Date: Tue Jun 02 2026 - 12:21:02 EST


Hi,

On 2026/6/2 18:10, Christian Brauner wrote:
Note, this is on the border between RFC/POC and so I haven't pushed this
through testing yet. But I don't want to waste more time on this before
showing it.

I surveyed various fs implementations because I want the ability to
extend userspace the ability to manage what devices can be onlined in a
centralized way without having to force every fs to care about this.

I realized that erofs allows sharing block devices with multiple
superblocks. Any freeze, thaw, removal, or sync on those devices will
not be communicated to the superblocks using it and our current
infrastructure is unable to deal with this.

This attempts to add the ability to go from device number to all the
superblock using that device, iterate through them one-by-one and
perform actions on them. For most fses this is a 1:1 mapping but for
erofs its a 1:many mapping.

This is not unreasonable infastructure to support in my opinion. I
played around with some ideas for this and I want to send out an RFC to
gather some early input.

Yes, just a side note: On the erofs side, since we apply immutable
model to each filesystems rather than writable filesystem approaches
so inode data (in devices or files) can be shared among multiple
different filesystems without any reference count needs for example
(in the similar models: any write needs to be COWed using overlayfs
for example.), so blob devices are 1:many shared mapping by design.

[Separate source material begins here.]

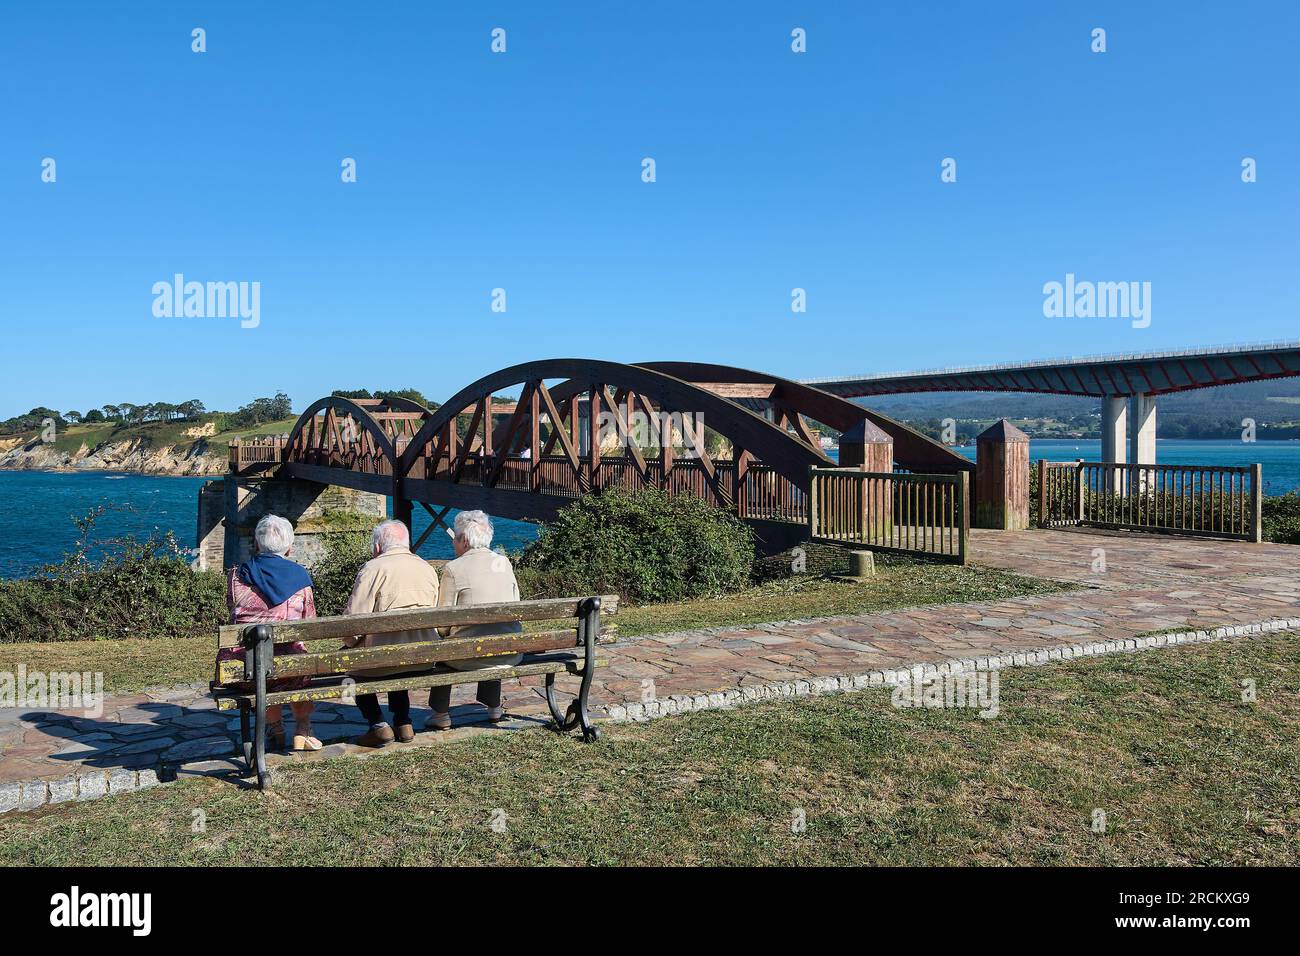 Personnes âgées méconnaissables assis sur un banc regardant le pont en bois sur les eaux de l'estuaire de Ribadeo Espagne Banque D'Images

One typical example is that we could convert each OCI tar layer
into an erofs blob, and use a metadata-only erofs to index these
converted erofs blobs so there is only one filesystem instead of
per-layer filesystems (it's called fsmerge in the containerd
implementation.), but each converted erofs blob can be shared
among different filesystems.

Another example is incremental diff updates, the primary device
can only contain incremental data and refer to the base image for
the remaining data; and base image can be shared too.

Thanks,
Gao Xiang